Thai professional Muay Thai fighter (born 1986)

Apichet Kotanon (อภิเชษฐ์ โคตานน; born November 10, 1986), known professionally as Nong-O Hamamuaythai (น้องโอ๋ ฮาม่ามวยไทย) and previously Nong-O Gaiyanghadao (น้องโอ๋ ไก่ย่างห้าดาว), is a Thai professional Muay Thai fighter currently signed to ONE Championship. He is a four-time Lumpinee Stadium champion, a one-time Rajadamnern Stadium champion, and the inaugural ONE Bantamweight Muay Thai World Champion across three divisions. As of September 22, 2026, Nong-O is ranked #3 in the ONE Flyweight Muay Thai rankings.

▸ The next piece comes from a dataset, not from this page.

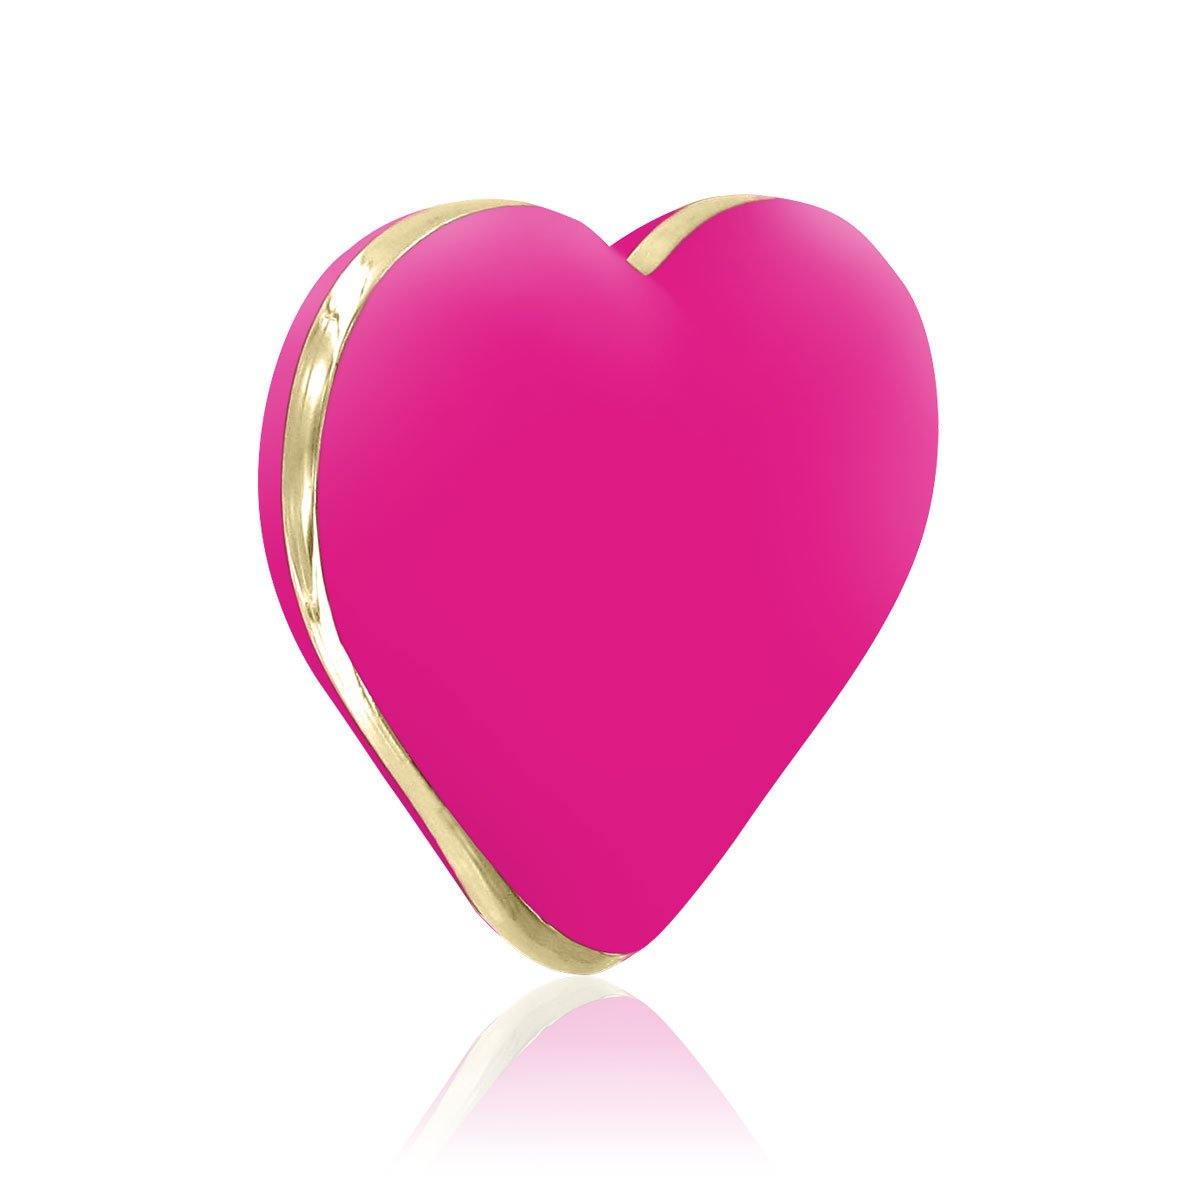 Rianne S Heart Vibe - Buy At Luxury Toy X - Free 3-Day Shipping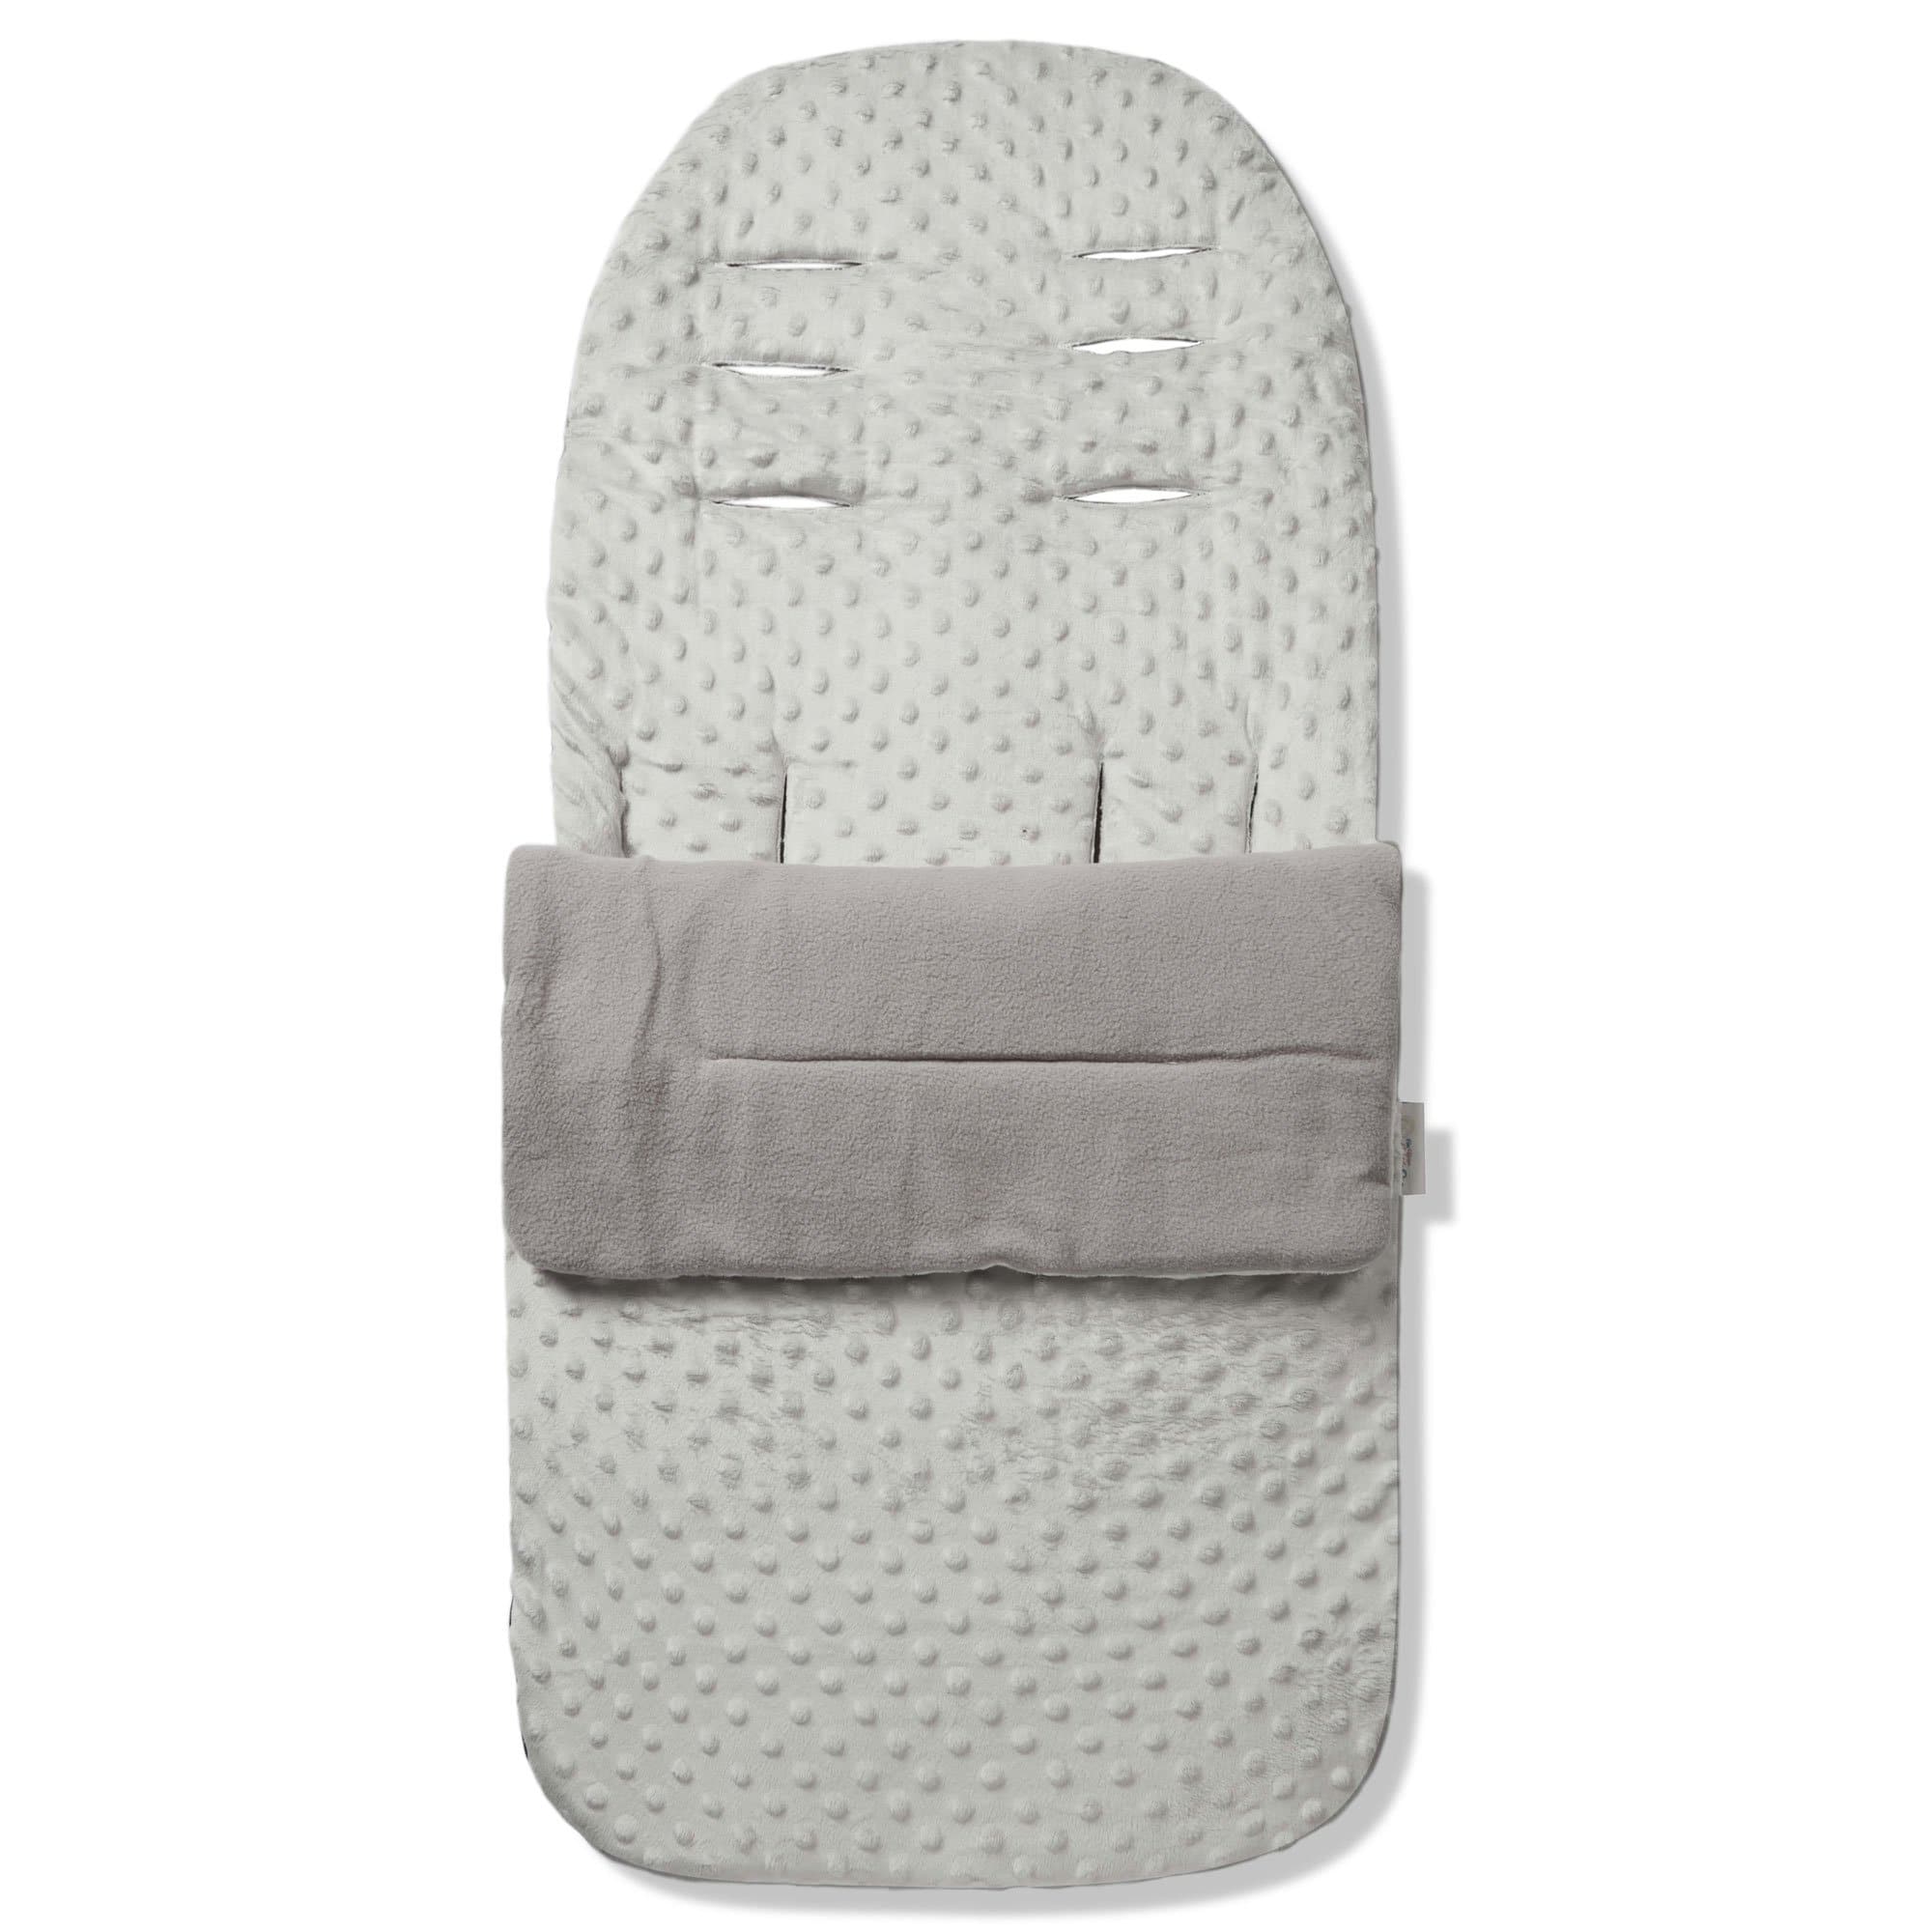 Dimple Footmuff / Cosy Toes Compatible with Bebecar - Grey / Fits All Models | For Your Little One

After taking a hiatus from Muay Thai in 2015, he became a Muay Thai instructor at Evolve MMA in Singapore until he left the gym in September 2022. He would then make his comeback at ONE Championship: Heroes of Honor on April 20, 2018.

==Biography==

===Early career===

Nong-O Sit Or (น้องโอ๋ ศิษย์ อ.) was born as Apichet Khotanan in Sakon Nakhon Province in the Northeastern (Isan) region of Thailand. He had his first Muay Thai fight at the age of 9. He became interested in Muay Thai when he saw one of his neighbors training. Nong-O was invited to train, and after a month of training he had his first fight.

===2008===

On August 3, 2008, Nong-O fought against Kōji Okuyama at Keio Plaza hotel in Hachiōji, Tokyo, and he won by KO with a left elbow strike during 3rd round. December 9, 2008, he fought against Wutidet Lukprabath at Lumpinee Stadium in the memorial event of Lumpinee Stadium establishment. He won by decision after five rounds.

===2009===

On January 18, 2009, Nong-O fought against Tomoaki Suehiro at Yoyogi National Gymnasium for the Muay Thai event Muay Lok. He won by TKO when the referee stopped the contest after he knocked Suehiro down twice with a right hook and left hook during first round. After the contest, he was given a bunch of flowers by Shinya Aoki. Nong-O was going to fight against Shunta Itō in the beginning, but he was replaced because his legs had not healed enough.

On November 8, 2009, he fought against Trijak Sitjomtrai in Japan, winning by majority decision (2-0) after five rounds. Trijak was at the time champion at featherweight sanctioned by the Professional Boxing Association of Thailand.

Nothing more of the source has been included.